Sorry to hear it. Losing contact with your children like that an for so long must be soul-crushing.
@moNOtheist Thanks and yes it was the hardest thing that I have ever had to live through, still am actually, but the kids come first and this was the only option that would work. The stepdad seems to be a decent guy which was the only saving grace.
@Surfpirate You're very sanguine - I can't begin to imagine the pain.
@moNOtheist It's like losing a limb (in this case 3 of them) you know they are gone but you still feel the shadow pain just the same. Some days it is like a knife in my guts and other days it is more tolerable but no it doesn't ever get better but then it isn't about me, it's about them.
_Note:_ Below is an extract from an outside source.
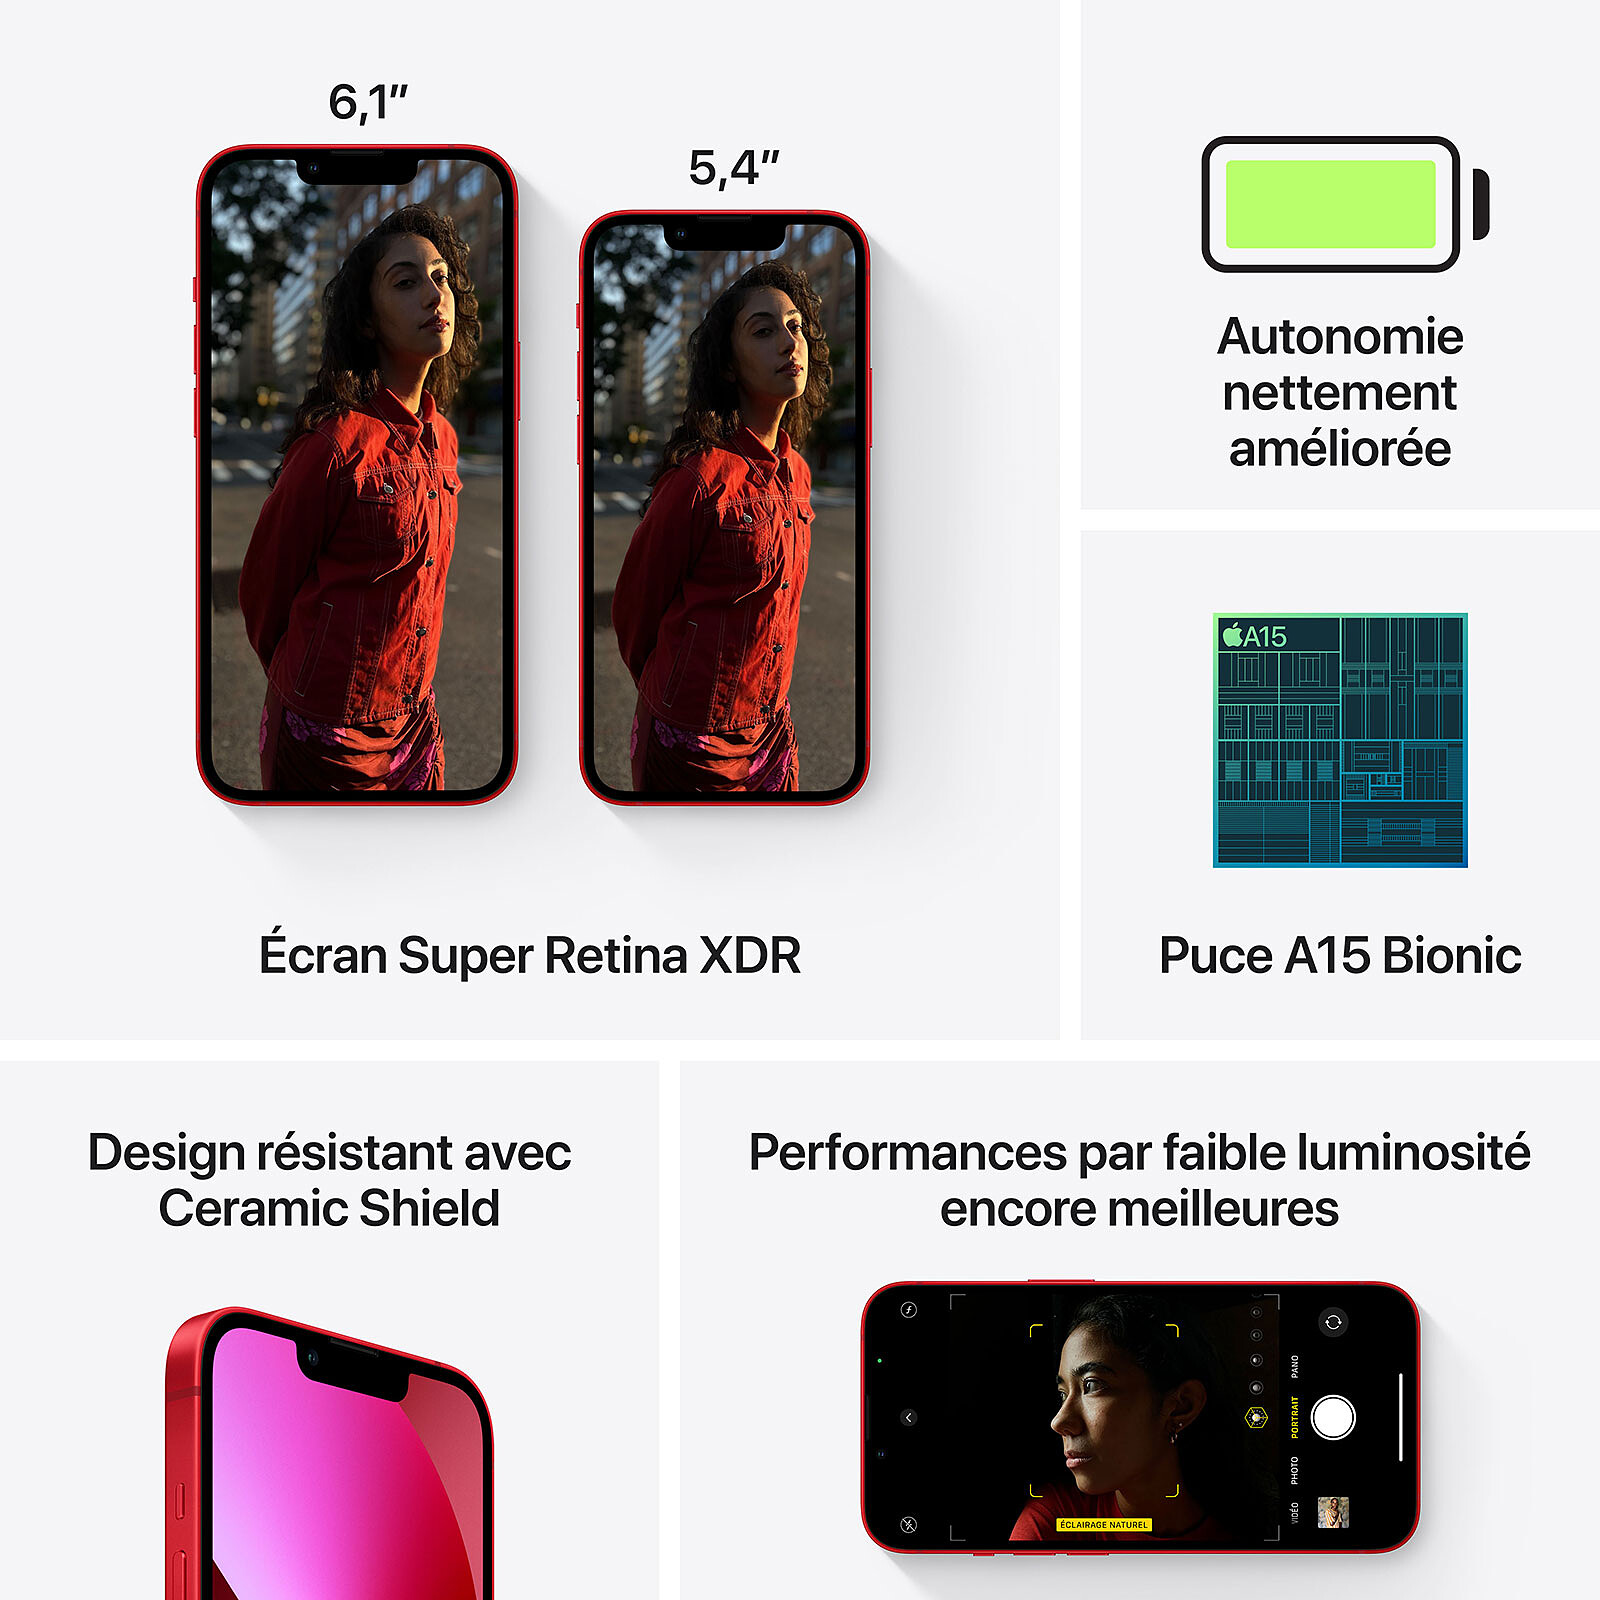 Apple iPhone 13 256 Gb Rojo Reacondicionado Tipo A

Life's a bitch, then you marry one, then she tries to kill you and steals your kids - suck it up buttercup.
2 more weeks till Father's Day, ask me how I feel then.
@Fredcruz I think of my 3 kids all the time, not in a morbid way but because they are my children and I love them. Parents make sacrifices for their children all the time, this is a bit extreme but we all do what we have to do.
@Fredcruz In Prayer?? why on earth would I want to do that? a voodoo doll for the psycho bitch of a mother would be just as helpful. No point in agonizing over ones agony,
In my mind, yes. But only if you can both behave like adults. If you're just going to have stress and tension, no.
My ex and I stayed together for the kids and the kids never knew. They had a good childhood with both parents intact.
I'm conflicted on this issue - you (figuratively speaking if your question isn't about anything you're currently going through). I think when a partner focuses on the "me" - there's already an issue and via my own experience I've learned that even opposites can create something special.
On a side note - arranged marriages are the most successful on earth because they learn to work sh@t out. I've always found that to be an interesting fact.
In 1990 I was head of Maintenance at a local McDonald's chain and my not then wife was a cashier at one of the restaurants that I managed. She was attracted to my now non-existent curly hair as it stuck out of my baseball cap and I was attracted to her smile and how the uniform complemented her body. We got together and it wasn't an intellectual thing - picture the Tim Allen grunt on Tool Time. Well, she got pregnant and it wasn't an accident - it's not like I did something freaky at the opposite end of the pool we were swimming in and the sperm magically made their way to her womb.
At any rate, we decided to do the "right" thing and got married at the end of the year - it was horrible for many years - more so for her than me but it's certainly a time period in our life that could have been avoided. That was 28-years ago and I couldn't imagine life without her and she watches everything I eat to make sure that she doesn't have to live life without me. We have grand babies now and our children are amazing. When we set aside our egos and focused our attention on the kids - everything changed and the happiness or joy that we felt was eluding us came back to us 10-fold. I'm sorry for the bad times but not sorry that I married my wife and if I could go back I'd change a lot of things but only to the point that it didn't prevent me from meeting my life partner in 1990.
My point to this book is "don't give up" you got together for a reason and even if the reasons have changed - it can and in the majority of cases - get better. If you want your children to choose good life partners - show them that you didn't become intimate with their mom because she was hot.
I think if someone chooses to bring children into this harsh world, they should at least be there for them. If the relationship is intolerable, then that might impact on the children, in which case it's best to split.
What makes you think you will be happy divorced?